### Assignment
Type the listing below out again exactly. No images.

### Data excerpt
-- Opening Marker --

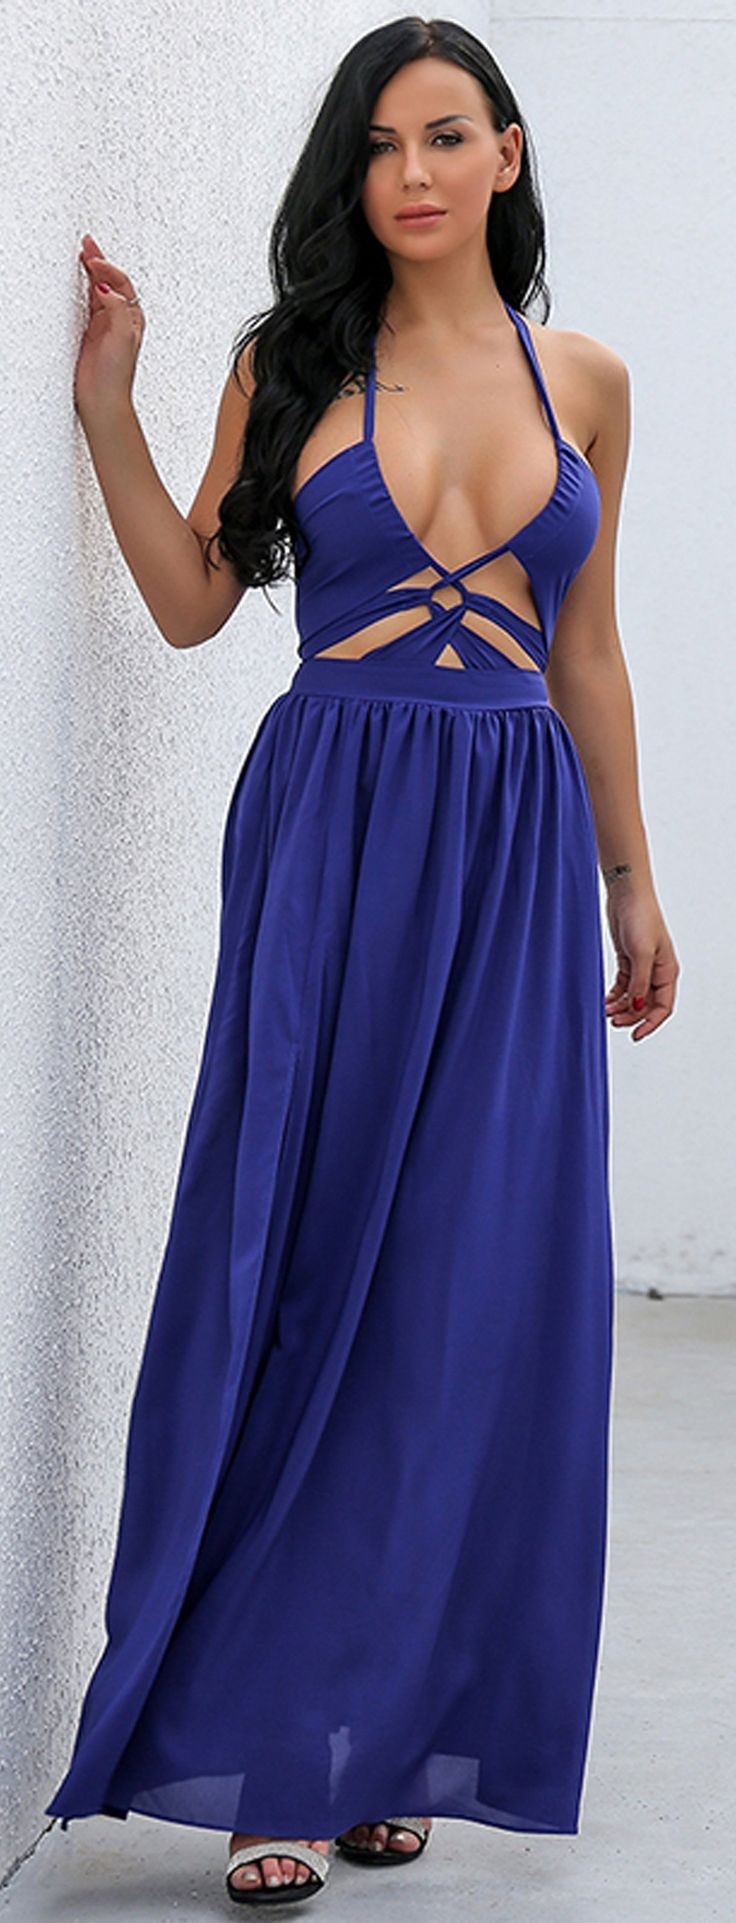 Increíble Vestidos De Boda únicos Pinterest Cresta - Vestido de ...
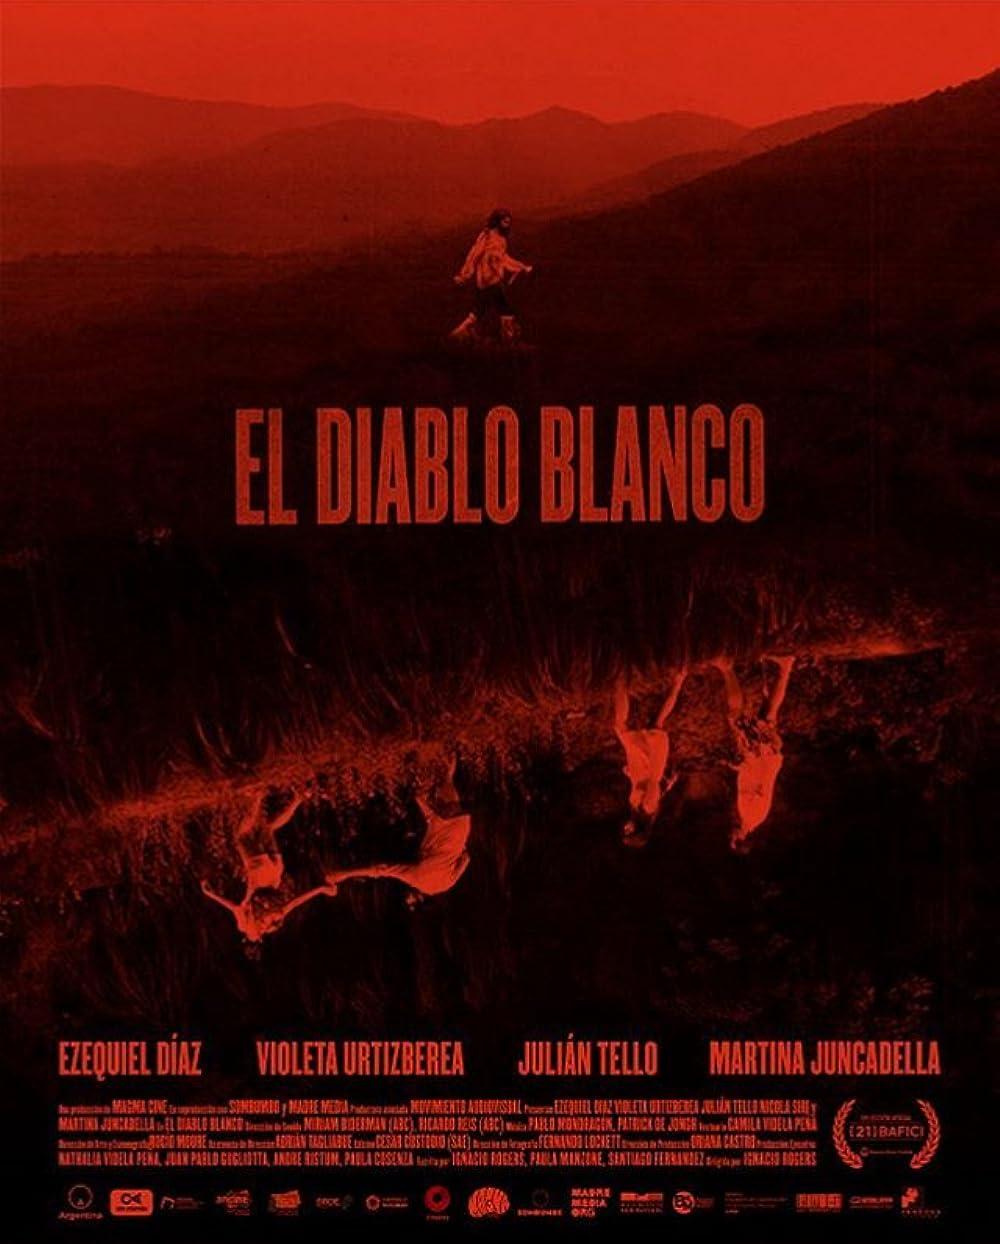 Download Filme O Diabo Branco Qualidade Hd
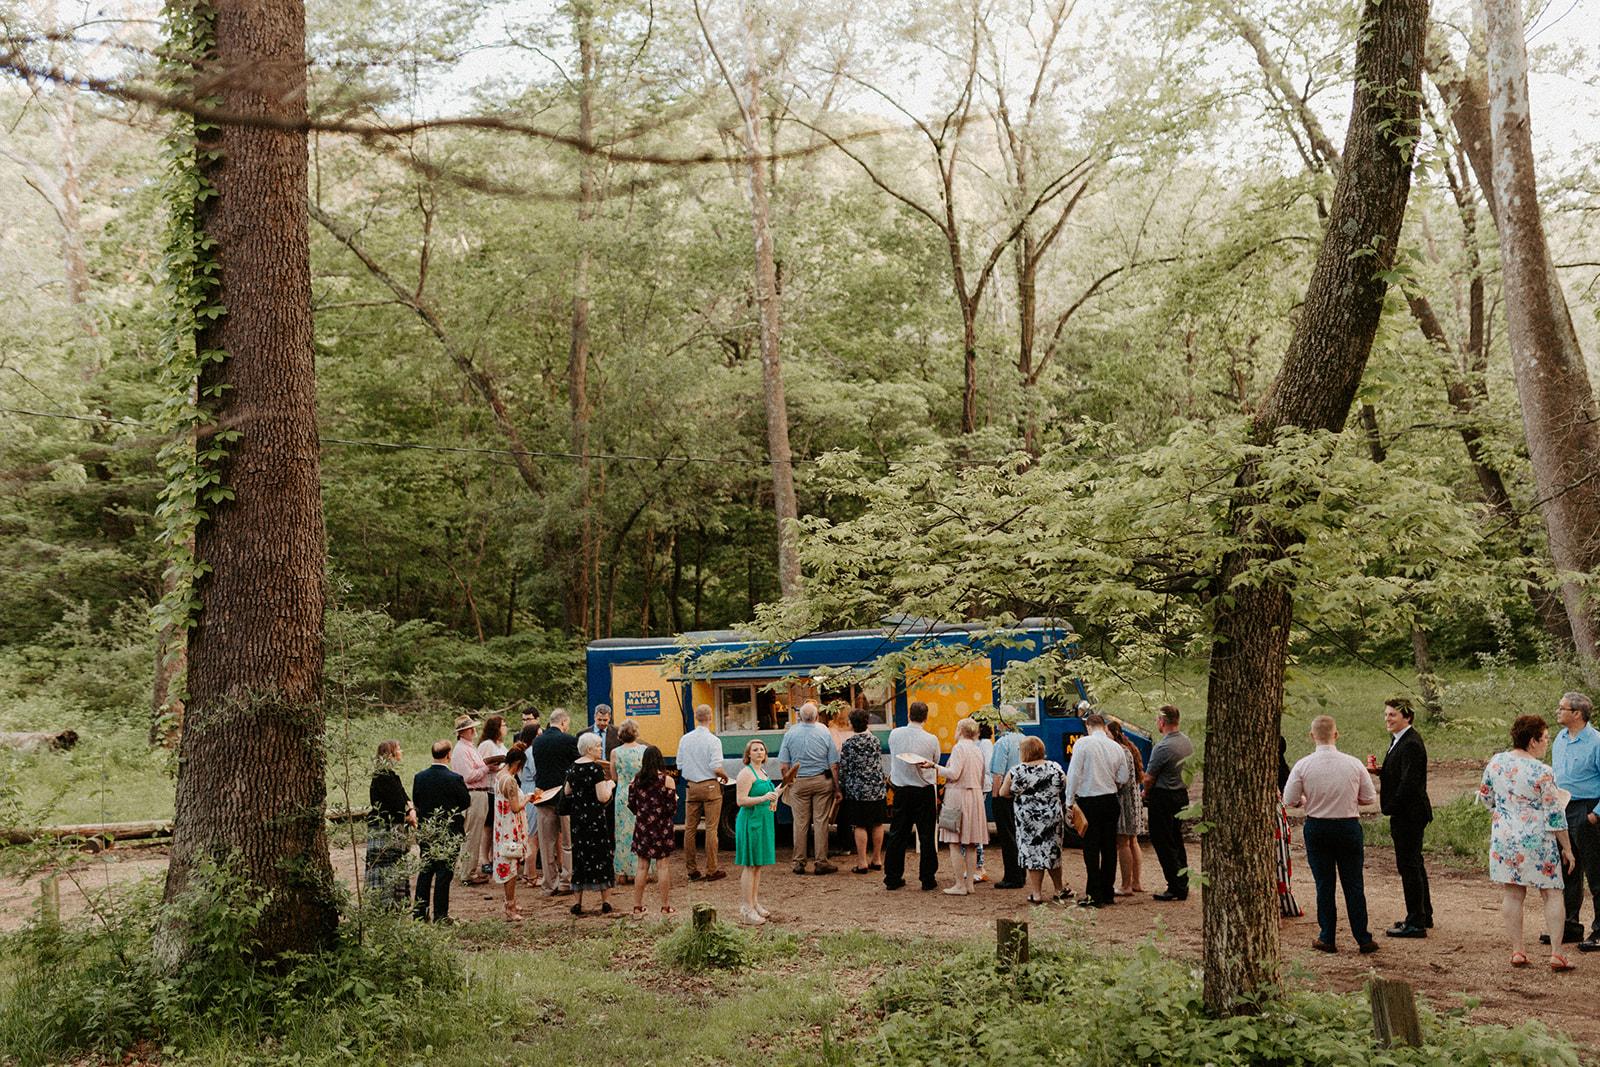 camp_wokanda_peoria_illinois_wedding_photographer_wright_photographs_bliese_0888.jpg

-- Closing Marker --

### Result of this task
 Increíble Vestidos De Boda únicos Pinterest Cresta - Vestido de ...
 Download Filme O Diabo Branco Qualidade Hd
 camp_wokanda_peoria_illinois_wedding_photographer_wright_photographs_bliese_0888.jpg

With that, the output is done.